The CREDO 2 study follows CREDO 1 study, which aims to construct an objective evaluation of endoscopic remission in Crohn's Disease (CD). In addition to reproducibility and validation, the predictive value of this remission evaluation needs to be tested in different settings to valorise its usefulness in clinical practice and in clinical trials. CREDO 2 aims to investigate whether the evaluation of endoscopic remission, as defined in CREDO 1, in patients in clinical remission is predictive of sustained clinical remission at 2 years. The design of CREDO2 is a multicentre longitudinal prospective cohort study. The screening period to include a patient is two weeks. Patients will be followed up to week 104.

NCT ID: NCT03306446 Active, not recruiting - CD Clinical Trials

Changing the coUrse of cRohn's Disease With an Early Use of Adalimumab

CURE
Start date: March 17, 2015
Phase: Phase 4
Study type: Interventional

This is a prospective, longitudinal, multicenter study conducted in a cohort of patients with early CD. This study will not change the patient/physician relationship.
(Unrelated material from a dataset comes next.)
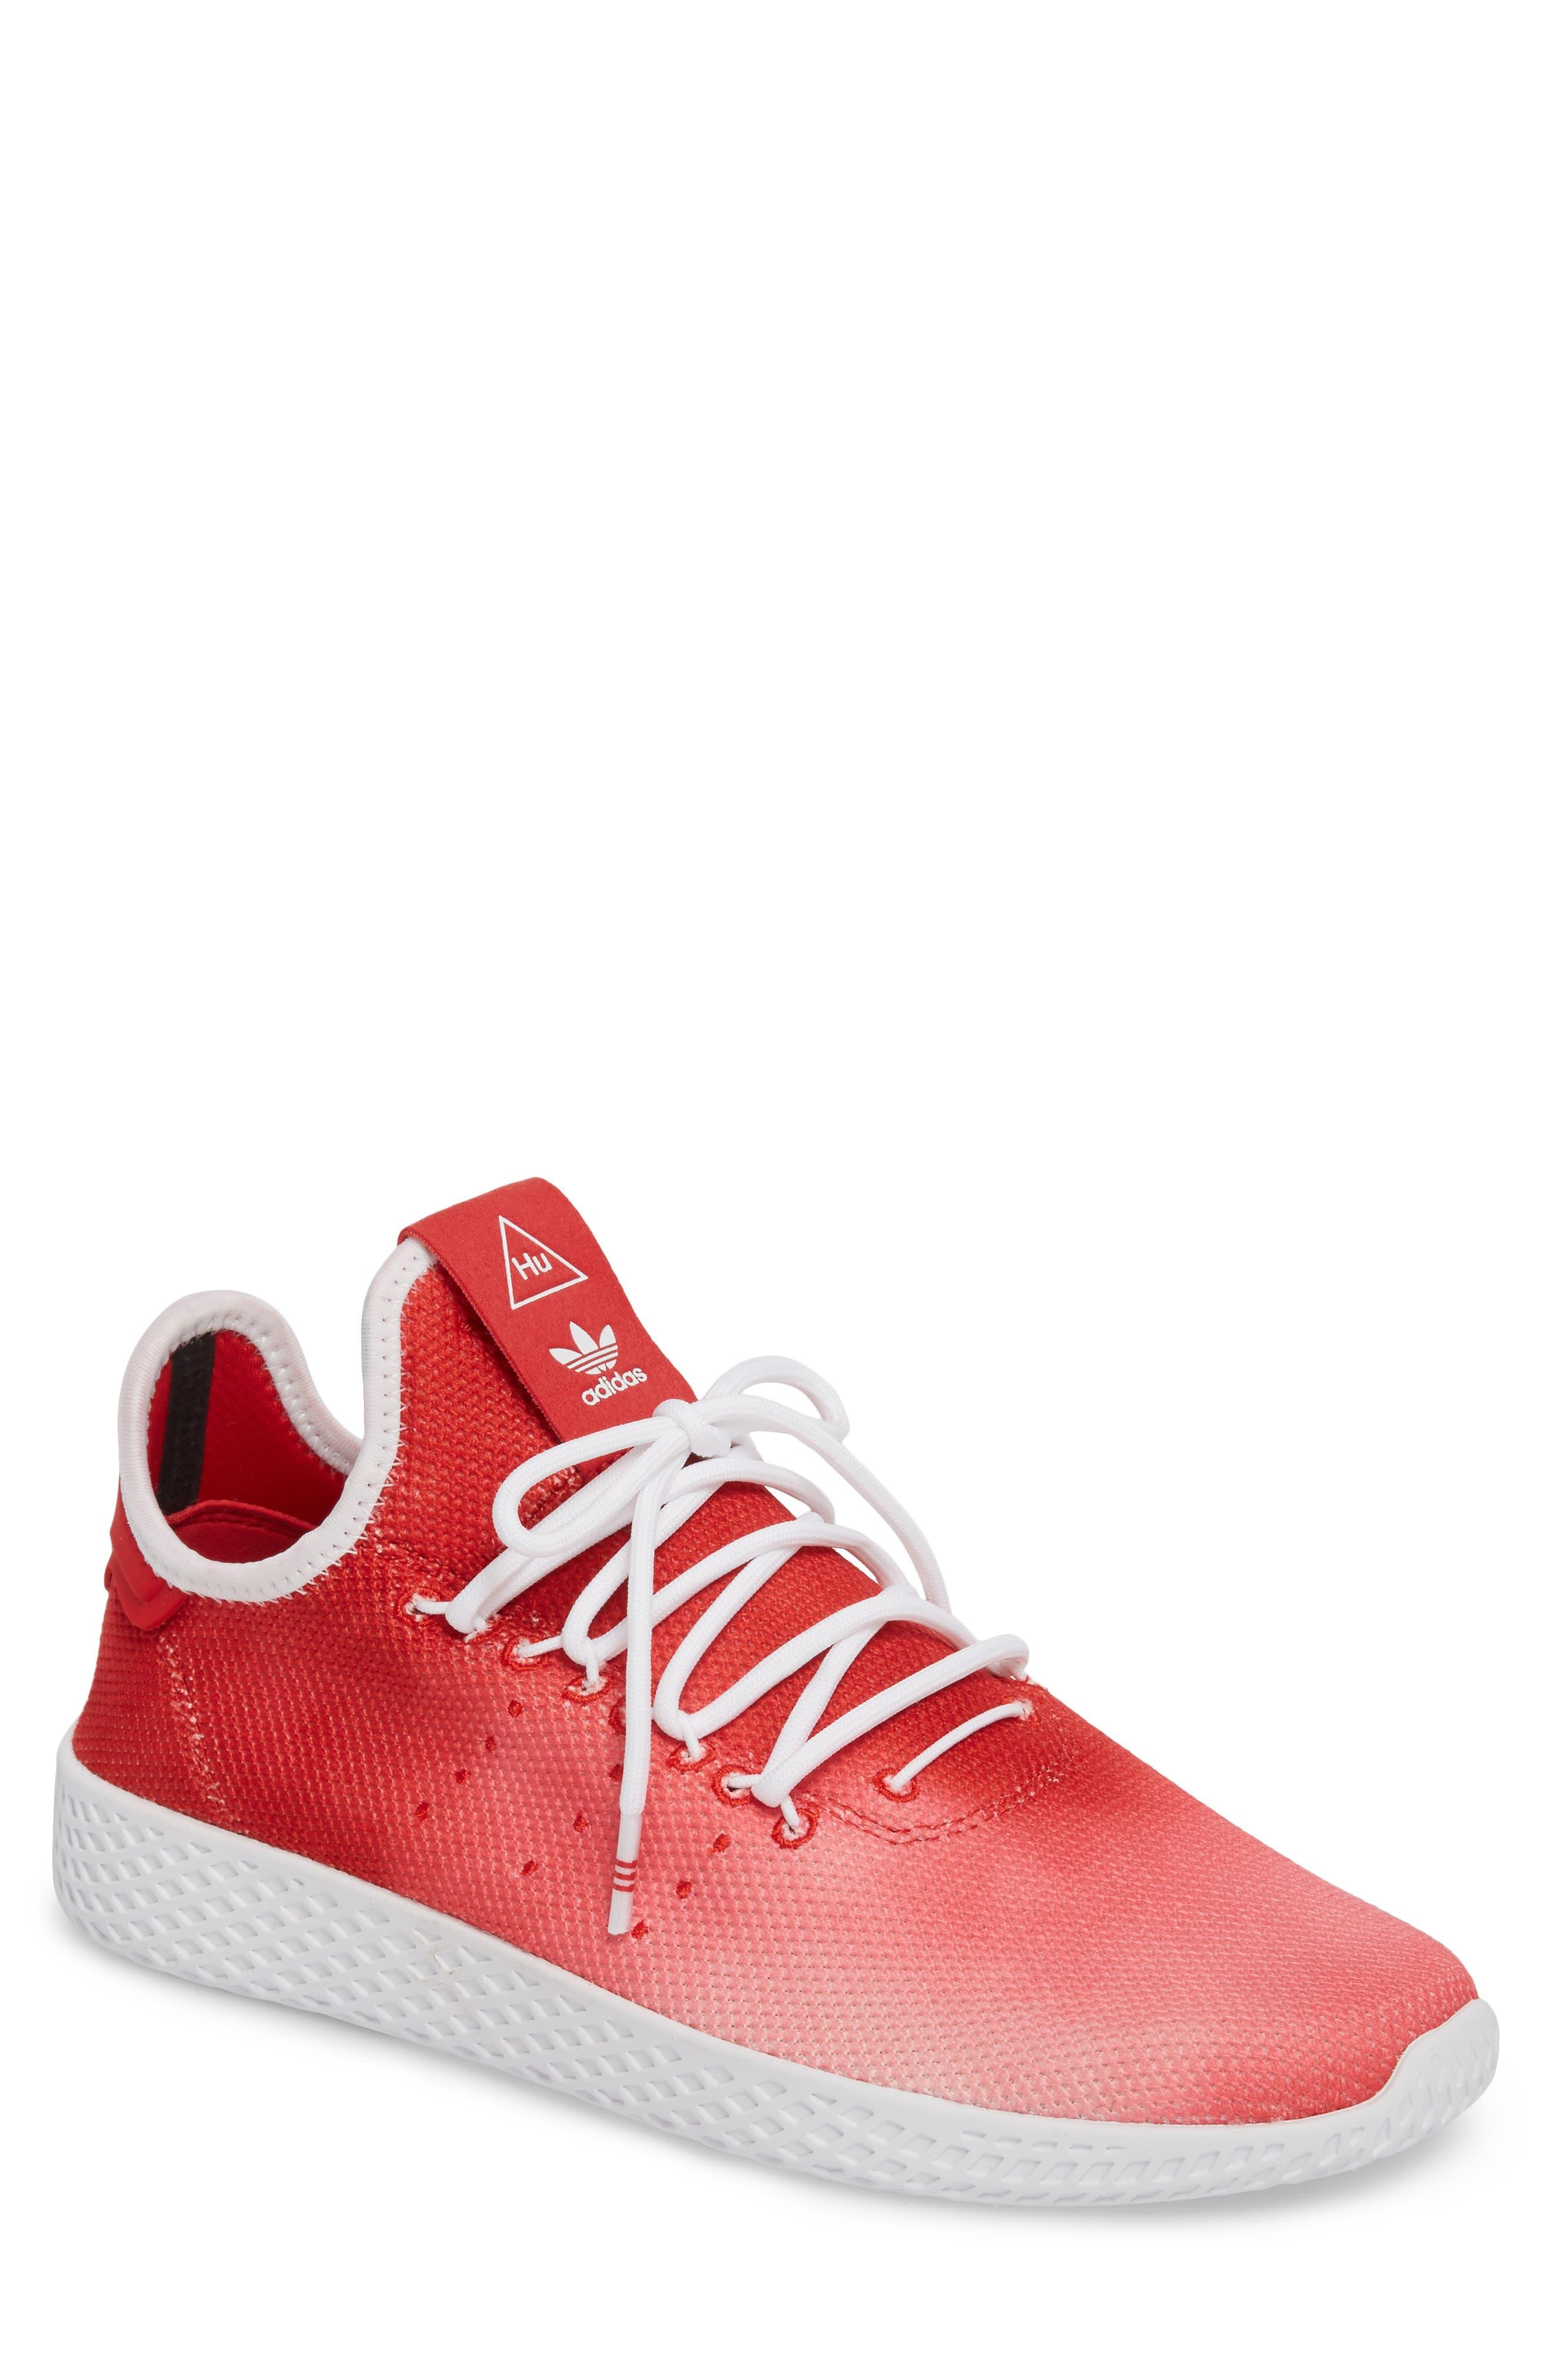 adidas Pharrell Williams Tennis Hu Sneaker (Men)

NCT ID: NCT02856763 Completed - CD Clinical Trials

Predictive Factors of ANTI-TNF Response in Luminal Crohn's Disease Complicated by Abscess

MICA
Start date: April 2013
Phase:
Study type: Observational

To identify predictive factors of adalimumab (anti TNF) response in patients with luminal Crohn's disease complicated by intra-abdominal and/or pelvic abscess after complete resolution of infection.
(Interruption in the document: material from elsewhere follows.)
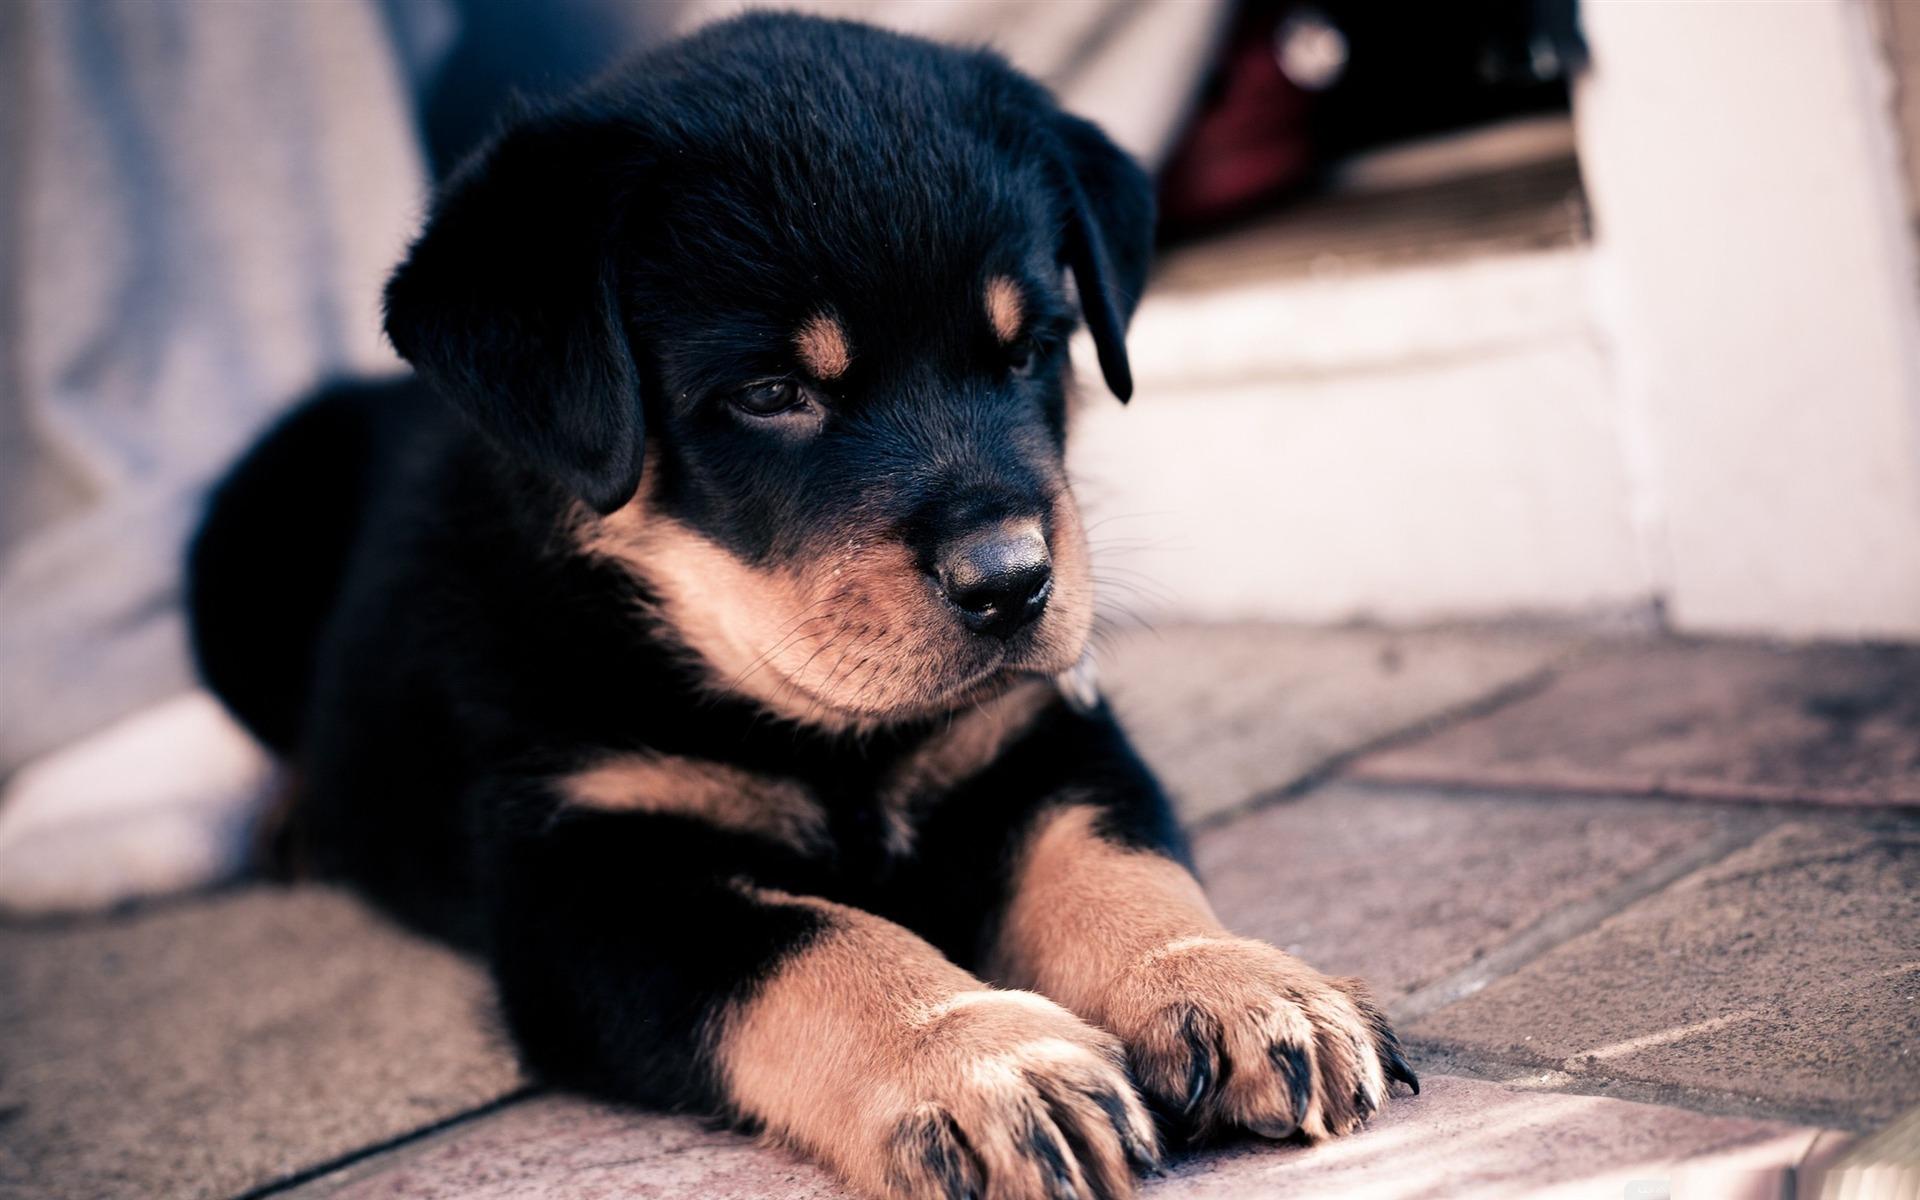 cute rottweiler puppy-dog animal desktop wallpaper ...

NCT ID: NCT01757964 Active, not recruiting - Ulcerative Colitis Clinical Trials

Bacteriotherapy in Pediatric Inflammatory Bowel Disease

Start date: December 2012
Phase: Phase 1
Study type: Interventional

In this study, the investigators want to see if Bacteriotherapy (also referred to as stool transplantation) improves the symptoms and decreases inflammation in children with Inflammatory Bowel Disease (IBD). Examples of IBD are Crohn's Disease and Ulcerative Colitis. Additionally, researchers want to learn whether this experimental therapy delays the need for starting additional medications to treat pediatric IBD.